Им пришлось вызвать военных, чтобы усмирить меня. Помню, стена расплавилась прямо на моих глазах, и сквозь образовавшуюся дыру вошел Аткинс. Он даже не был вооружен, он не был одет, и с него капала вода из бассейна для виртуальной реальности. Его вытащили прямо из постели. Он не захватил с собой оружия. Помню, я рассмеялся, потому что мои доспехи делали меня неуязвимым, а он ухмыльнулся и поманил меня пальцем.
Когда я попытался оттолкнуть его, он наклонился и просто прикоснулся к моему плечу. По какой-то непонятной причине я полетел кубарем и шлепнулся прямо в лужу расплавленного камня, которая образовалась в том месте, где он прошел сквозь стену. Он отжал воду со своих волос и брызнул на меня. Видимо, в ней были те же наномашины, которые он использовал для разрушения камня. Когда я падал, камень был мягким, как пыль, и явно гасил трение. Встать я уже не смог – уцепиться было абсолютно не за что. Он еще раз брызнул, и наномашины принялись строить молекулы, соединяя их субъядерными силами. Весь камень превратился в одну макромолекулу, я не мог пошевелить ни рукой, ни ногой. Да, я был неуязвим, но врос в огромный камень. Неудивительно, что Аткинс презирает меня.
– Не думаю, что он презирает вас, сэр, – возразил Радамант. – Как минимум он благодарен вам за то, что у него появилась возможность потренироваться.
Фаэтон стиснул пульсирующие виски пальцами.
– Как ты сказал, какая третья стадия скорби? Переговоры? Софотек Вечерней Звезды не требовала возмещения ущерба – она была рада-радешенька, что стала жертвой попытки совершения преступления, первой за триста лет. Красные манориалы любят драматизм, так мне кажется. Они попросили у меня лишь копию моих воспоминаний о сражении.

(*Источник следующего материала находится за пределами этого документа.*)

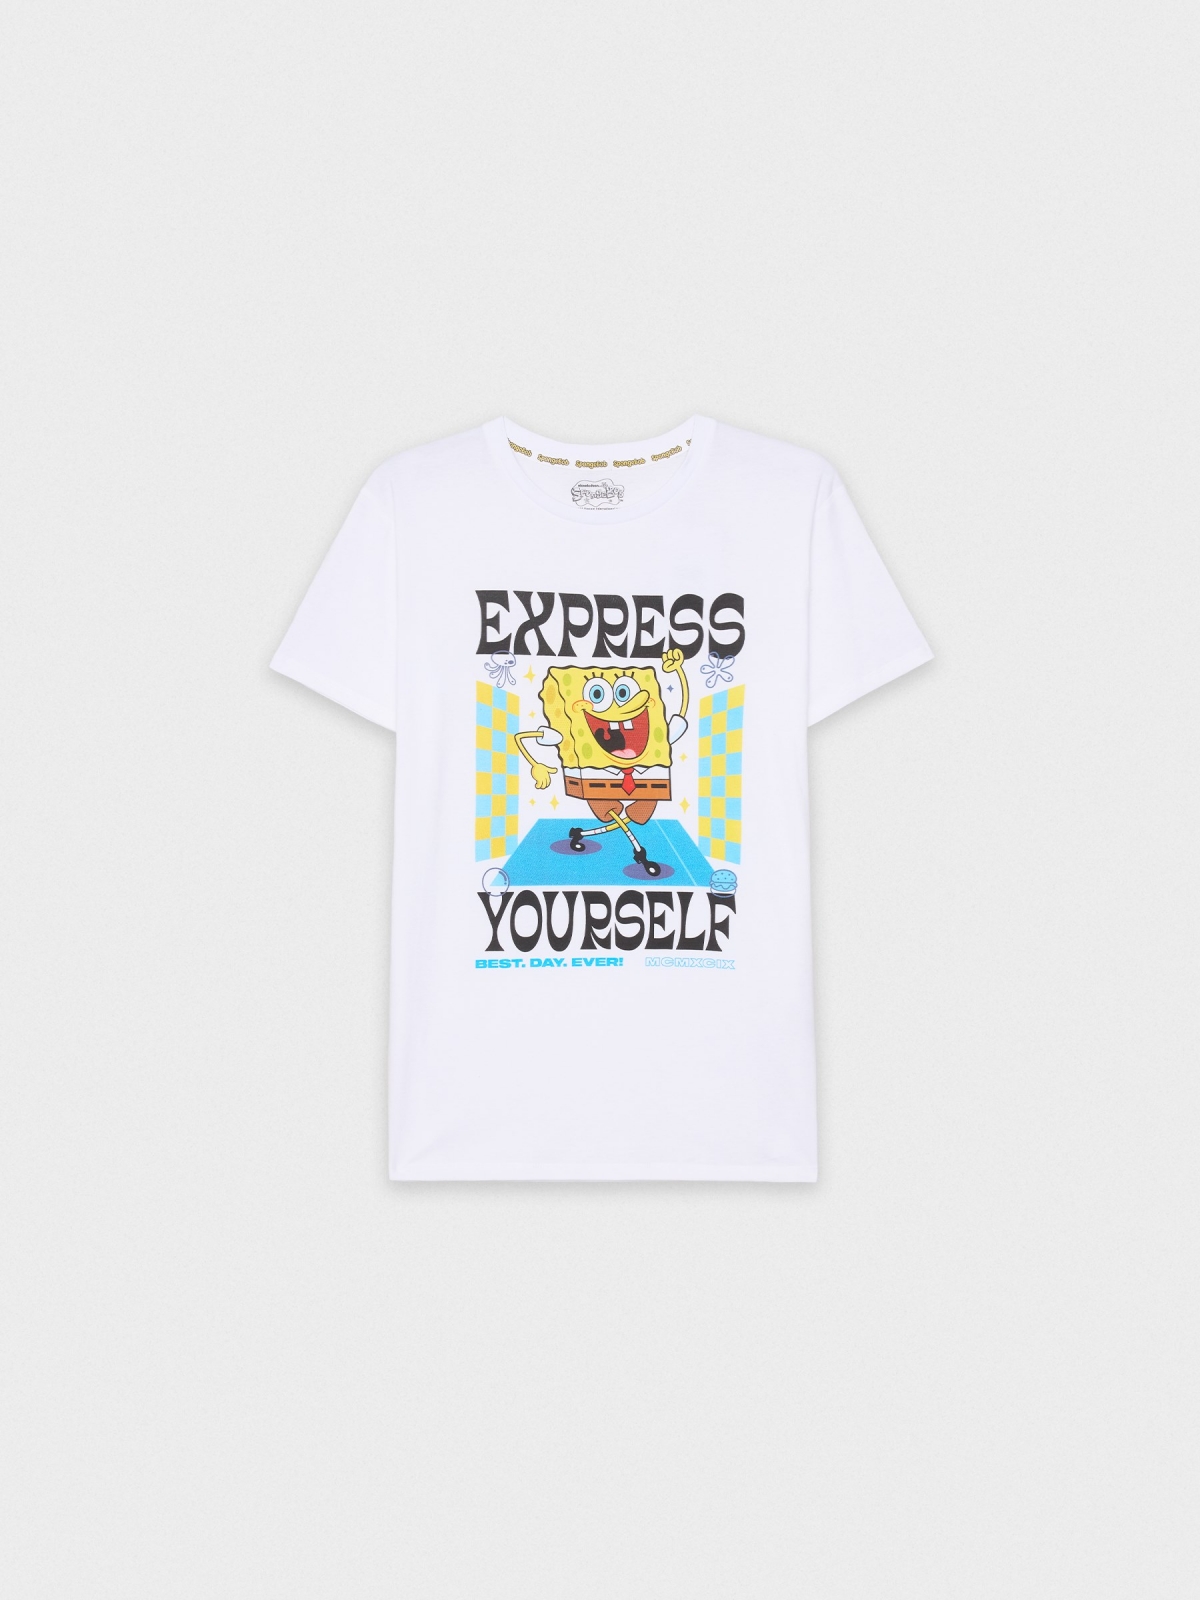  T-Shirt do Bob Esponja branco

Фаэтон вспомнил, что имя его получило дурную огласку. И не только за совершенное насилие. До тех пор, пока страсти человеческие не будут запрещены законом, люди будут подвержены нервным срывам. Многие пытались совершать преступления. Шесть-семь попыток в столетие. Дурная слава Фаэтона была вызвана его положением в обществе. Люди, которые позволяли себе вспышки ярости, обычно были либо примитивистами, либо парциалами, то есть они не располагали большими возможностями. Констебли под присмотром софотеков могли без труда остановить их прежде, чем кто-то или что-то пострадает.
Фаэтон был рожден в поместье, то есть принадлежал к элитарной части общества. Манориалы Серебристо-серой были не просто элитой, это были сливки общества. Постоянное подключение к софотекам, которые предугадывали движение мысли манориалов, помогало им разрешать проблемы задолго до того, как эти проблемы возникали. До Фаэтона ни один манориал не пытался совершить преступление. Фаэтон был первым.
В доспехах он мог легко отключиться от софотеков, при этом невозможно было отследить его мысли, а разрушительные порывы остановить полицейскими мерами. В доспехах Фаэтон мог действовать вопреки любым социальным ограничениям. Он находился в своем собственном частном мире, маленьком, но полностью ему принадлежавшем.
– Красные манориалы, возможно, и простили меня. Но вот Курии все это понравилось намного меньше. Наказанием были сорок пять минут симуляции боли, передаваемой прямо в мозг (Фаэтон поморщился от воспоминания). Но суд сократил продолжительность на пятнадцать минут, когда Фаэтон согласился стереть свою аварийную личность. Потом Курия заставила меня смотреть воспоминания констеблей, которых я унизил, при просмотре их гнев и отчаяние передавались мне. Теперь битва не выглядела такой героической.
Я с радостью принял наказание, потому что понимал, что был не прав. Курия и Вечерняя Звезда не стали торговаться со мной, зато колледж Наставников стал.
Это было дьявольское соглашение. Они поймали меня в момент слабости. Я разрушил свои воспоминания. Или я пытался совершить самоубийство?
– А сейчас, молодой хозяин? Достигли ли вы состояния покорности и раскаяния?
Фаэтон выпрямился, стер пот с лица, расправил плечи. Он глубоко вздохнул.
– Я никогда не отступлюсь. Возможно, еще не все потеряно. Если только… – Фаэтон явно был взволнован. – Может быть, я снова сам себя дурачу? Или это новый виток стадии самоотречения?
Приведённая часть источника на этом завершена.